Copy each line below as written, but skip the pictures.

** Data **
-- Opening Marker --

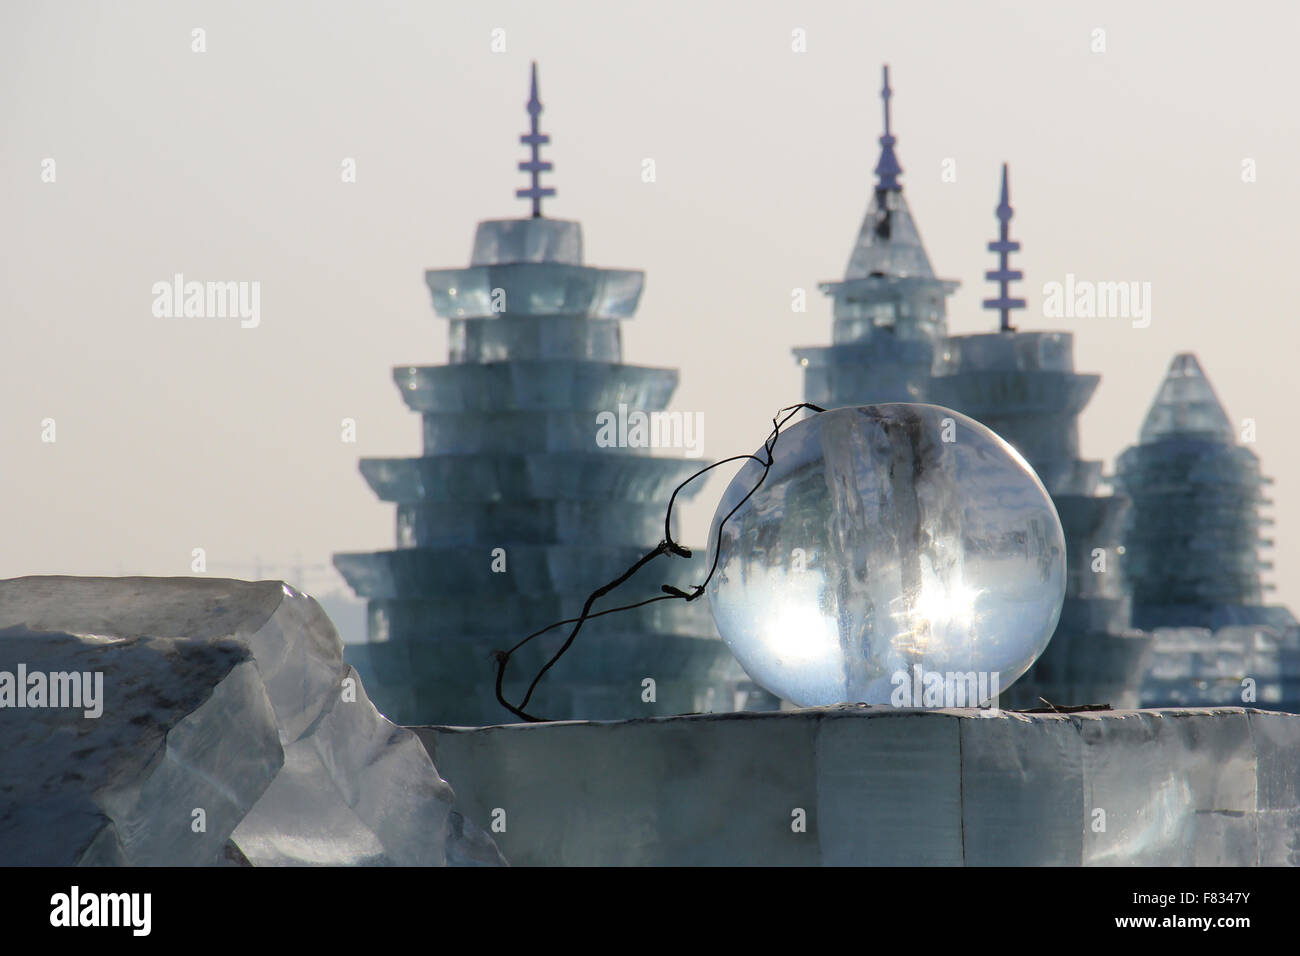 https://c8.alamy.com/comp/F8347Y/ice-ball-in-front-of-ice-buildings-in-harbin-china-F8347Y.jpg
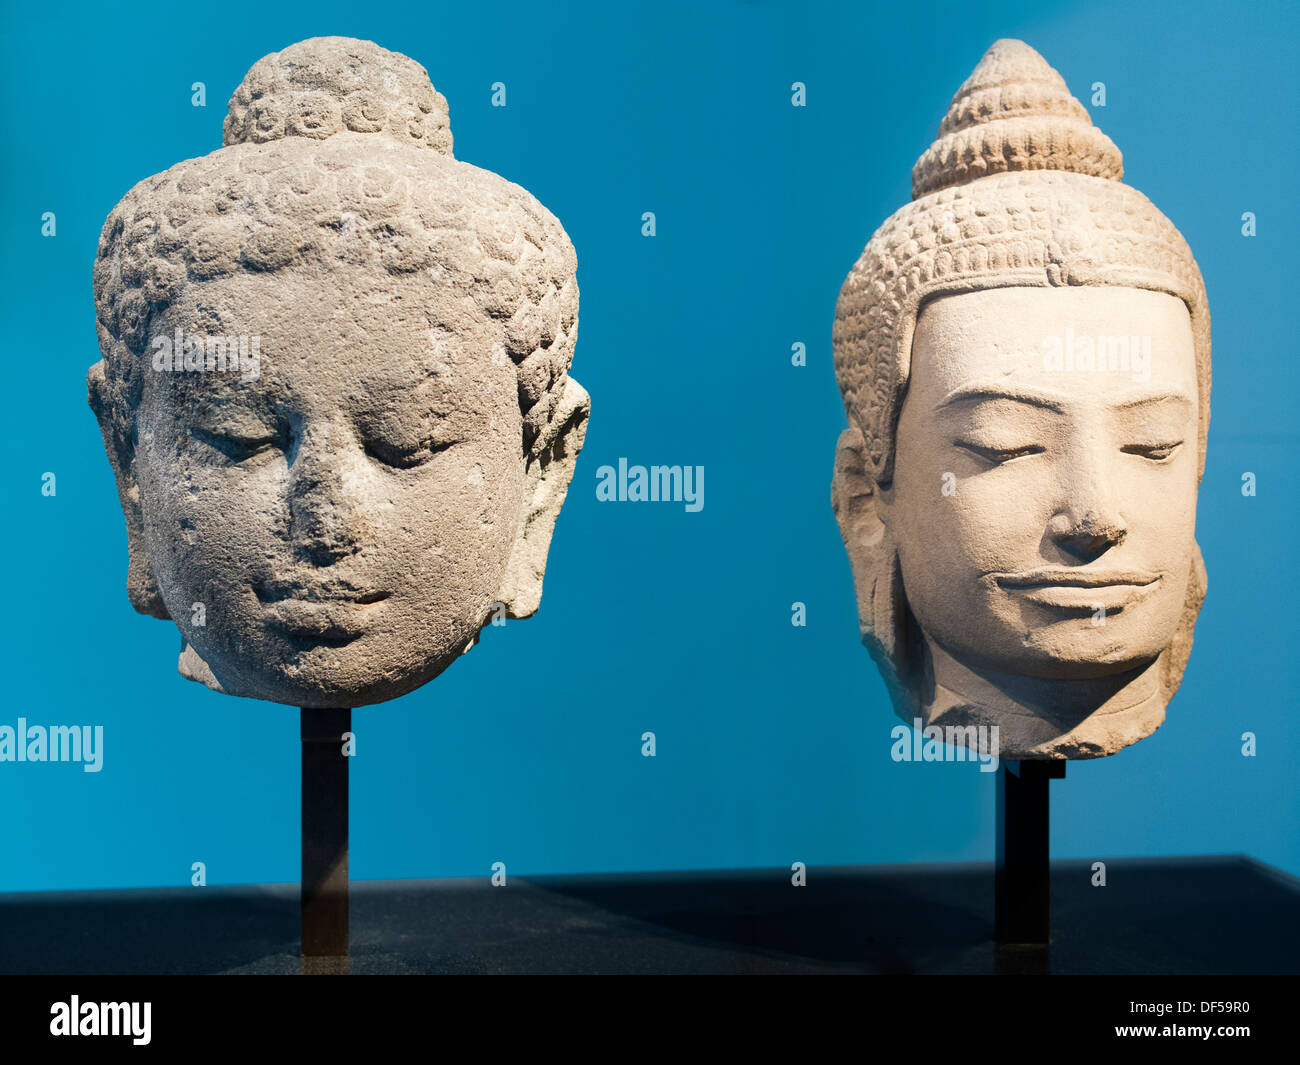 The Victoria and Albert Museum, London - two Buddha heads 2 Stock Photo
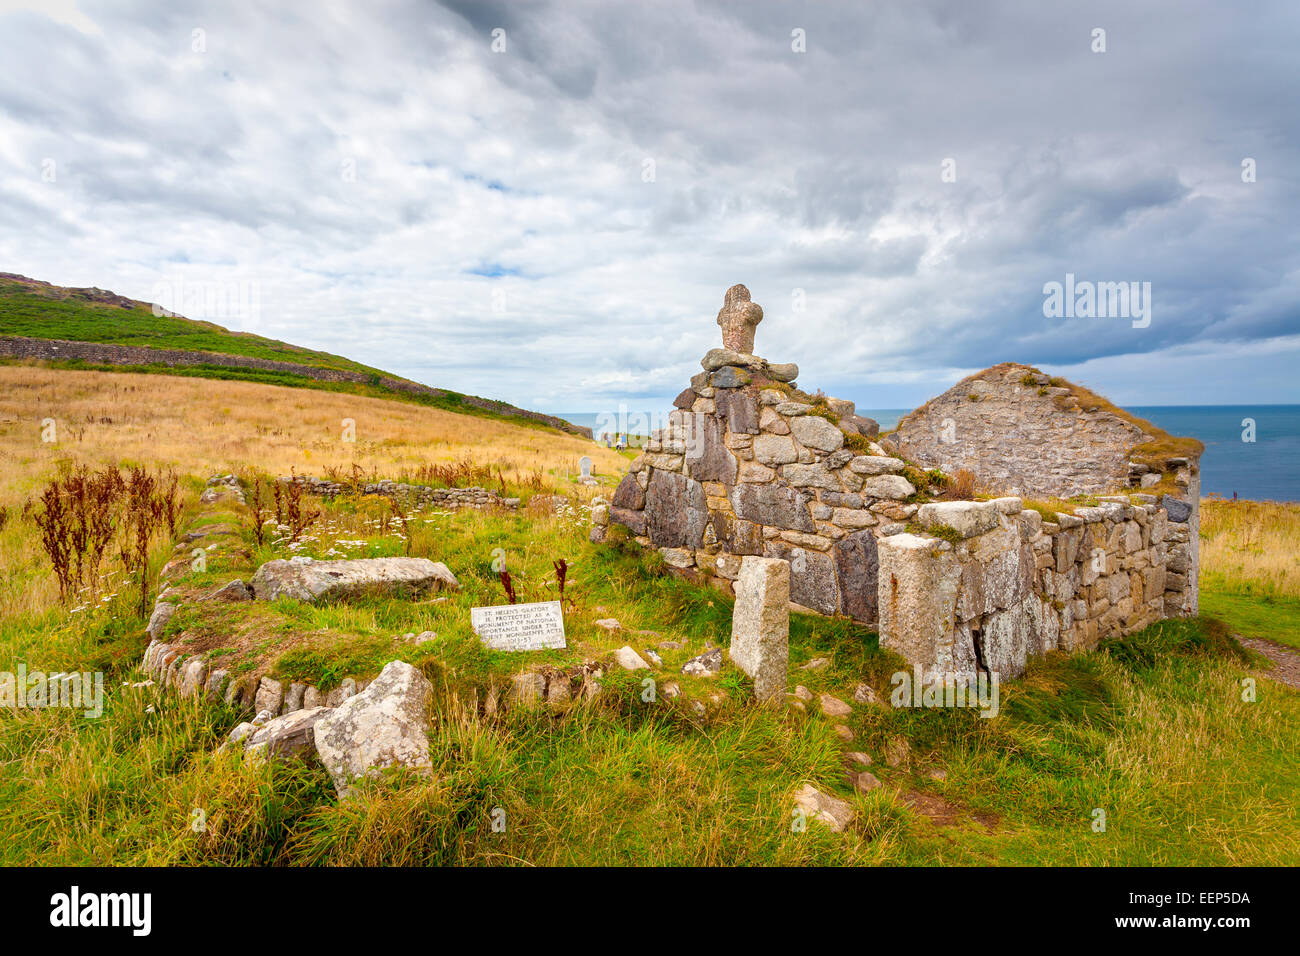 Ruins of St Helens Oratory an early Christian structure at Cape Cornwall near St Just Cornwall England UK Europe Stock Photo
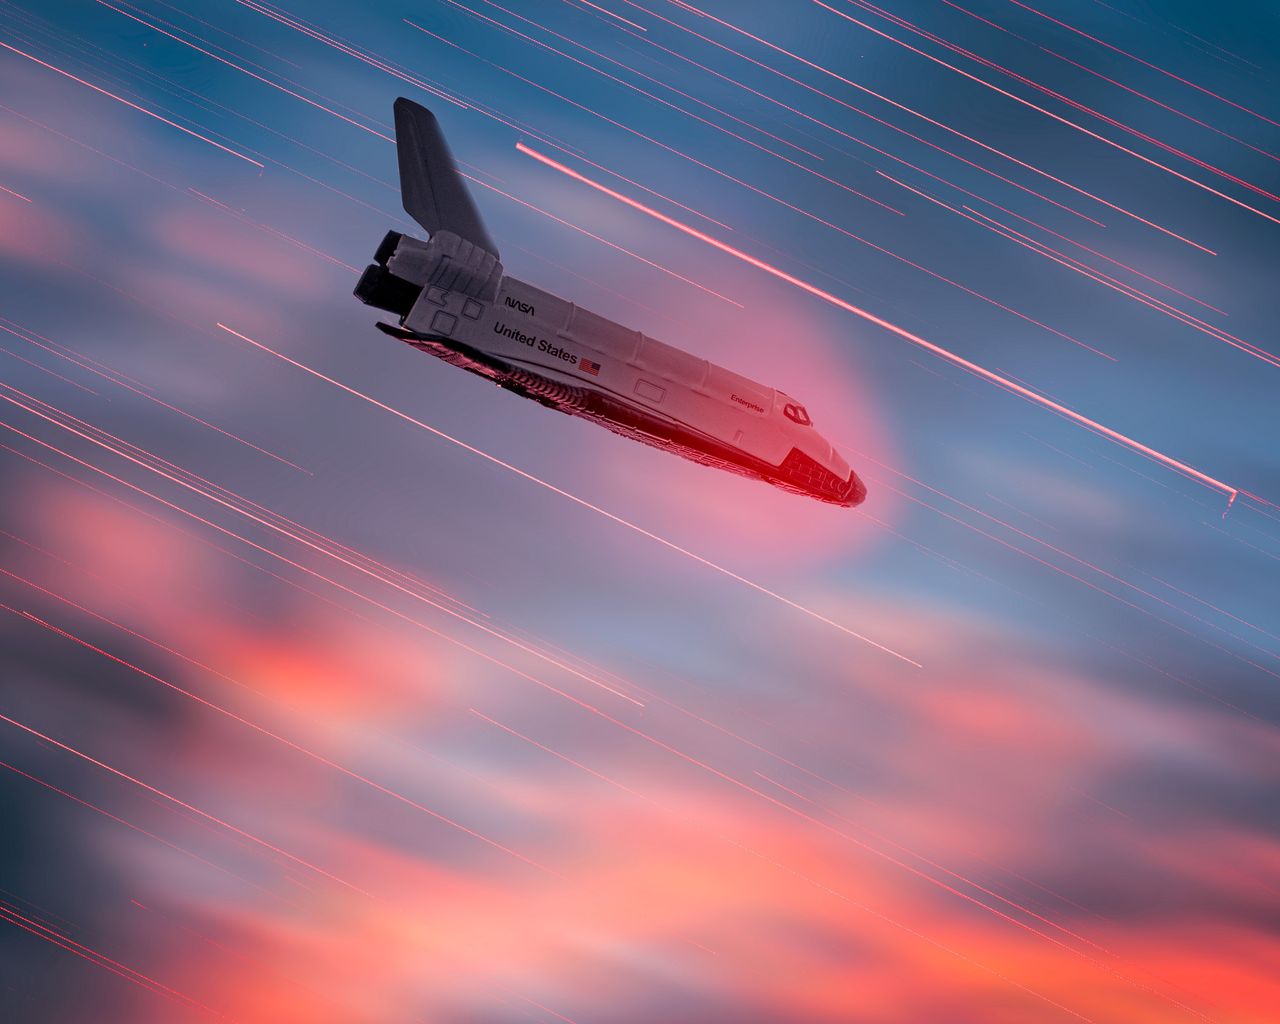 space shuttle entering the atmosphere

-- Closing Marker --

** Result for this task **
 https://c8.alamy.com/comp/F8347Y/ice-ball-in-front-of-ice-buildings-in-harbin-china-F8347Y.jpg
 The Victoria and Albert Museum, London - two Buddha heads 2 Stock Photo
 Ruins of St Helens Oratory an early Christian structure at Cape Cornwall near St Just Cornwall England UK Europe Stock Photo
 space shuttle entering the atmosphere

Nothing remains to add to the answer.